Reporter: Dityasa H Forddanta | Editor: Asnil Amri
JAKARTA. Sebelumnya, PT Pemeringkat Efek Indonesia (Pefindo) ingin melakukan pemeringkatan atas emisi obligasi dengan nilai emisi sekitar Rp 72 triliun. Namun menjelang akhir tahun ini baru terealisasi 70%, atau setara Rp 56 triliun.
Vonny Widjaja, Direktur Pefindo bilang, semester I tahun ini pihaknya ramai melakukan pemeringkatan emisi obligasi baik itu obligasi baru atau pun berkelanjutan. "Tapi, mulai semester II jumlahnya menurun drastis," imbuhnya, (16/12).
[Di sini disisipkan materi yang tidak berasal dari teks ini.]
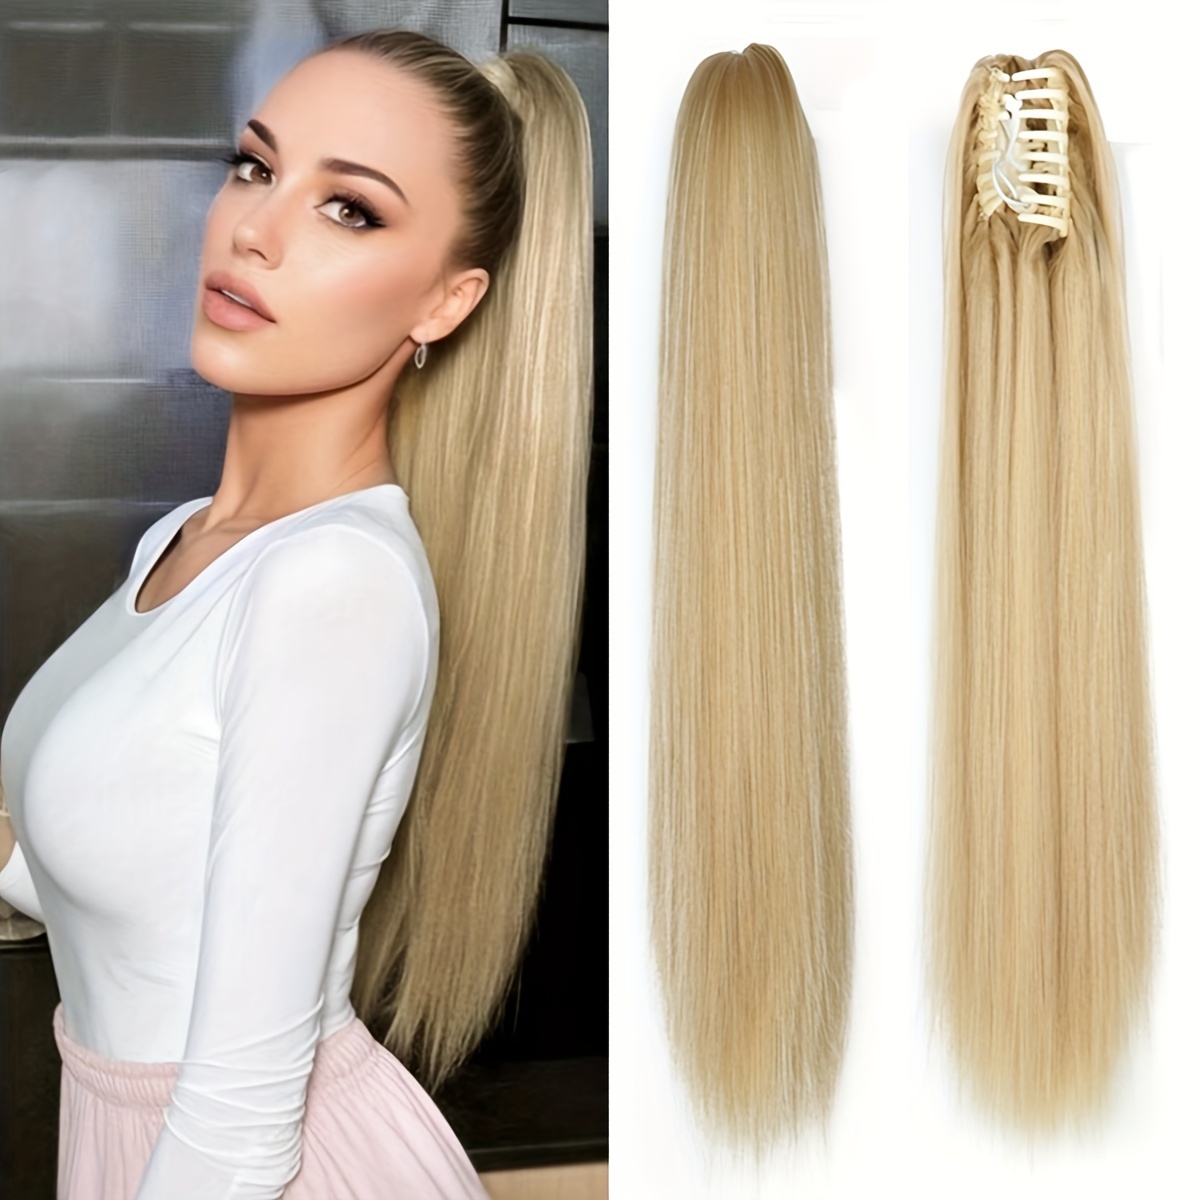 

Synthetic Long Straight Claw Clip On Ponytail Hair Extensions 24 Inch Heat Resistant Pony Tail Hair Piece Black Brown Blonde For Women Daily Party Use

Ada beberapa pemicu yang membuat target Pefindo itu sepenuhnya terealisasi. Pertama, soal kenaikan BI rate yang membuat emiten menunda penerbitan emisinya demi menghindari bengkaknya beban bunga.
Kedua, kebijakan loan to value (LTV) dari Bank Indonesia. Pertumbuhan penjualan sektor properti diperkirakan melambat akibat adanya kebijakan ini, yang pada akhirnya membuat emiten properti mempertimbangkan kembali penerbitan emisi obligasinya.
Ketiga, soal tertekannya harga komoditas yang menekan kinerja emiten perkebunan. Kinerja yang tertekan akan membuat sebuah rating bakal turun, dan tentunya rating itu menjadi salah satu dasar bagi investor untuk menyerap emisi obligasi yang diterbitkan.
Bukan hanya faktor-faktor maket itu yang menyebabkan kondisi ini. Pefindo juga telah memperhitungkan isu tapering off oleh The Fed. "Tapi, kami tidak mau berlarut-larut dalam pesimisme ini," tandas Vonny.
Pefindo boleh saja mulai kebal dengan isu asal negeri Paman Sam itu. Namun, Pefindo masih sangat mewaspadai pemilu tahun depan. Tahun politik 2014 membuat Pefindo tak berani mematok target tinggi, baik untuk penerbitan emisi atau pun pemeringkatan yang dilakukan.
Karena pemilu, banyak emiten yang mengambil sikap wait and see. Ada emiten yang memilih penerbitan emisi akan dilakukan awal tahun sebelum pemilu dilakukan dengan asumsi, kondisi makro pasca pemilu akan lebih buruk.
Ada juga yang memilih penerbitan dilakukan pasca pemilu, sembari memantau kondisi makro pasca pesta politik dilakukan. Tapi, ada juga yang lebih memilih untuk menunda emisi obligasinya. "Tantangan tahun depan lebih banyak. Semoga enggak lebih buruk dari tahun ini," pungkas Vonny.